A team of architects and engineers put together by design guru Sir Terence Conran has made its first visit to Embassy Court, the run-down Brighton landmark.

Swimming pools, a restaurant, an art gallery and a museum could be part of the long-awaited £5 million restoration of the seafront block.

The architects believe they cannot only restore the grimy, rotting structure but also add in ambitious new features to open the building to the public.

Embassy Court in Kings Road was designed by architect Wells Coates and featured penthouse apartments, a restaurant and a bank.

However, the 110ft-tall building fell into severe disrepair as disputes raged as to who should pay for maintenance.

Many flats were taken over by absentee leaseholders and a succession of freeholders, building up a backlog of rent and service charge arrears.

Bluestorm, a company set up by Embassy Court residents, finally won its David and Goliath-style battle with property developers last year to gain responsibility for the restoration.

Leaseholders of the 104 flats will be asked to contribute to the project's costs, though Bluestorm will also be applying for heritage grants.

Bluestorm chairman Emma Jinks, whose share of the costs would be about £65,000, said: "Everyone we've spoken to is very enthusiastic and wants to see the place done up properly.

"Although the property is privately-owned, the exterior of Embassy Court and how it contributes to Brighton belongs to everyone so hopefully we can get some support from the council or Government.

"This first site visit is a historic moment for Embassy Court."

Fellow Bluestorm director Rowena Easton said: "As well as restoring the building, there is potential for new developments in unused space like tank rooms and boiler rooms.

"We are looking at having swimming pools, a restaurant, a museum of modernism or Wells Coates, and a contemporary art space.

"For too long people have thought of Embassy Court as an eyesore. But it's the most important 20th Century building in Brighton and we want to restore it and celebrate that history."

Sir Terence Conran is taking a keen interest.

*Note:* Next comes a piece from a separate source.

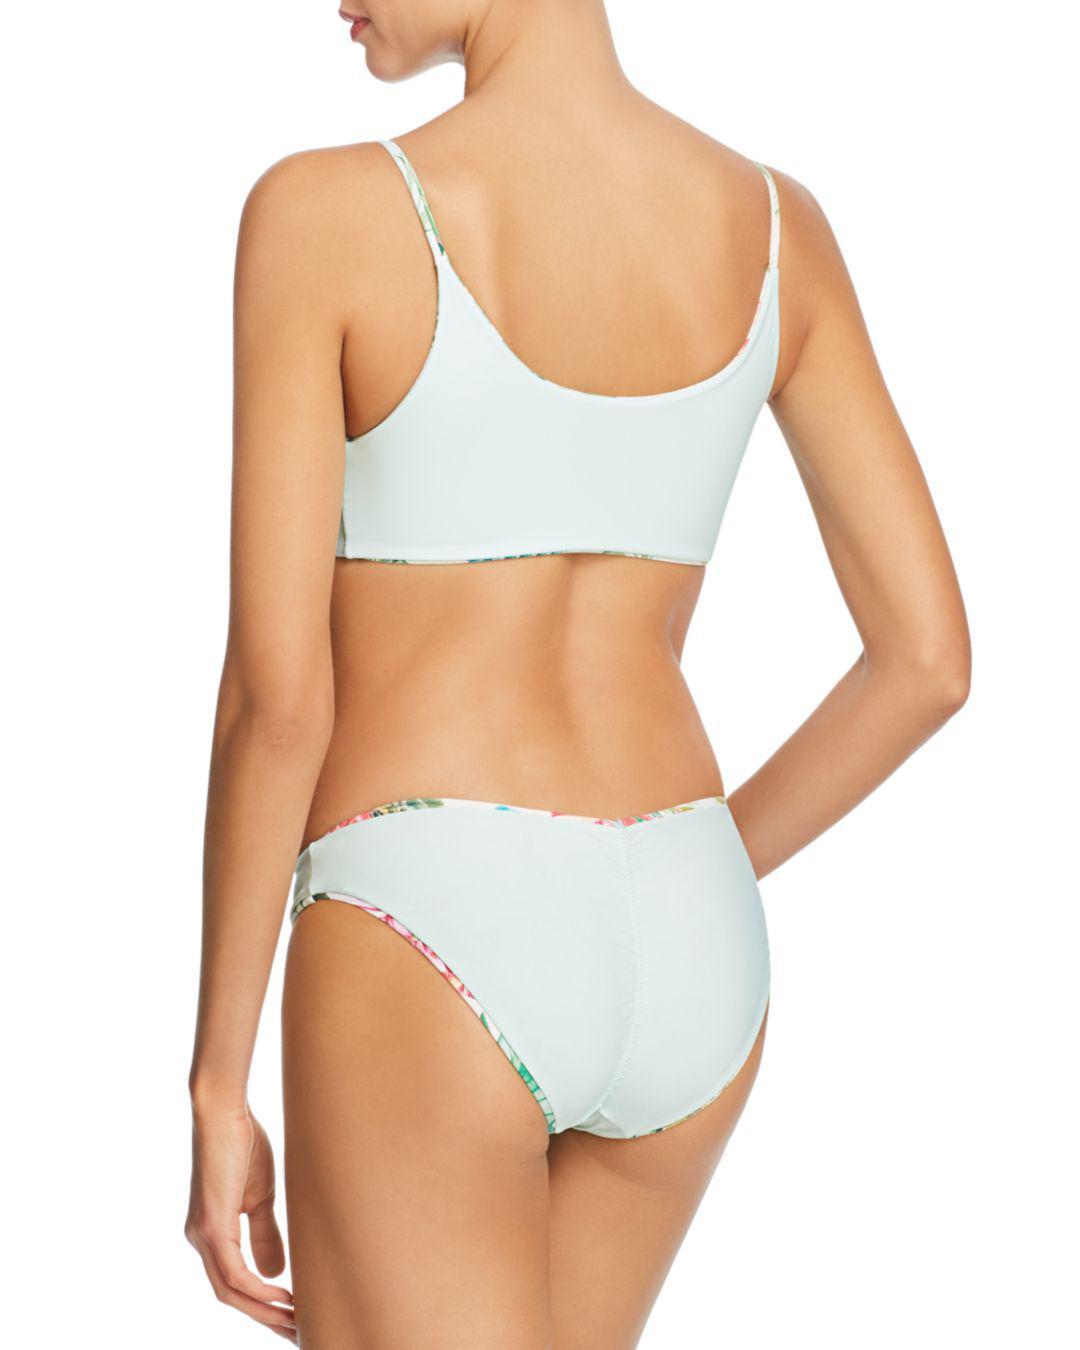 0699809fd5af1 Pilyq - Green Tulum Basic Reversible Andrea Tie Bikini Top - Lyst. View  fullscreen

Conran and Partners director Paul Zara, who is leading the project, said: "Sir Terence knew Wells Coates and has always been a big fan of the building. He's watching this very closely.

"We want to achieve a balance between getting back to its original appearance but not just coming up with an artificial copy.

"The structure is actually pretty sound but it will be a big challenge bringing it back to its white, crisp modernist splendour. There is enormous enthusiasm to get on with it though."

The first stage of work will involve putting fan hoardings around the building to protect against falling render and glass during the coming winter months.

A three-year timescale has been put on the project and residents will have to be given alternative accommodation during parts of the work.

Michael King, 57, who moved in 20 years ago, said: "This is the most confident we've been that the building can finally be restored."